No, no, a thousand times no! Ah, sweet mystery of life, and this was a mystery too. Poetry dealt with mysteries and so did poets, and he was a poet. He was still the chosen of El. And he had been very fair dividing it amongst the under-privileged children who hadn’t a decent pair of shoes to their name. It had been given to him for a purpose. He had been true to the purpose revealed to him. He would give in to nobody. Nobody would frighten him. His stupid mother and the bauchly stranger wanted to bring the money back down to earth and explain it. But it didn’t belong there. It wasn’t to be explained as easily as that. It came from heaven. You had to have faith.
He gobbled his egg and chips in a flurry of fear and washed at the kitchen sink.
‘I’ve got nervous dyspepsia, that’s what I’ve got,’ he thought into the towel as he dried his face. ‘It’s an awful responsibility to carry. But you’ve got to face your destiny. I’ll see it through, so I will.’
‘Are you not shaving the night?’ his mother asked slyly. ‘You usually shave before you go out after your tea. What’s up? Are you no’ seeing her the night?’
‘I’m not seeing anybody,’ he answered, quelling her with a look. Her question reminded him of Sophy, and that was an offence.
‘Where are you going then?’ his mother asked.
‘Out,’ he informed her concisely.
‘Ach, I bet you’re going to meet some girl! I don’t know what a fellow your age is bothering about girls at all for. You’re far too young, and without a penny in your pocket. I don’t know how you do it.’
He let that go. He wouldn’t boast about what he had in his pocket. The elect don’t boast they’ve been chosen. As for girls, he wanted to forget them after last night. He was beginning to remember that once he had wanted nothing but peace, peace and quiet.
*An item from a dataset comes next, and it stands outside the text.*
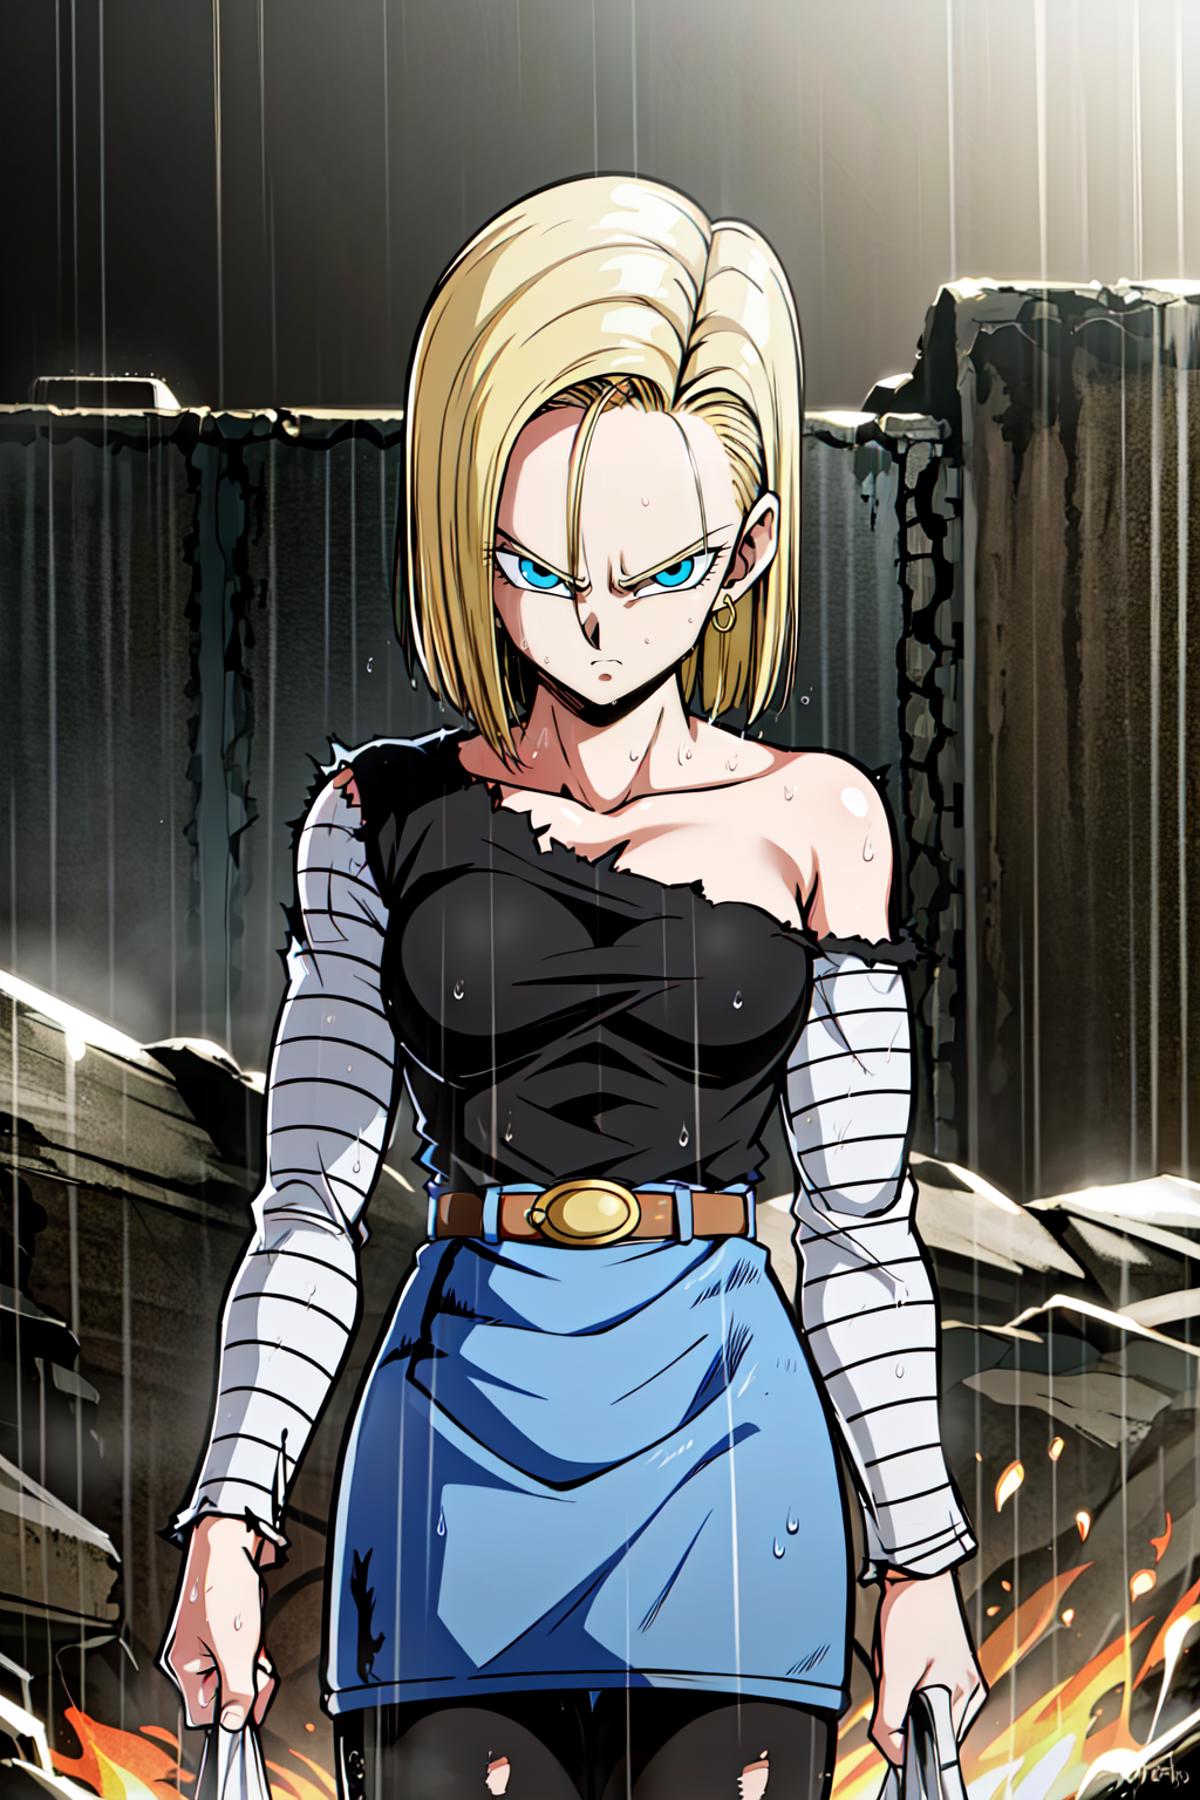 Android 18 - Dragon Ball Z image by HerschelLeVerrier

‘Funny how you get too busy to do what you meant to do,’ he thought, pleased at his understanding of human nature.
But now it was high time to make sure he found peace. Sophy had let him down and the stranger was getting too near. He was heart-sick and disgusted at seeing wealth passed to outsiders in defiance of the oath to El, he was bitter at the way the Brotherhood had abandoned the religion he had tried to teach them. It was time to go away.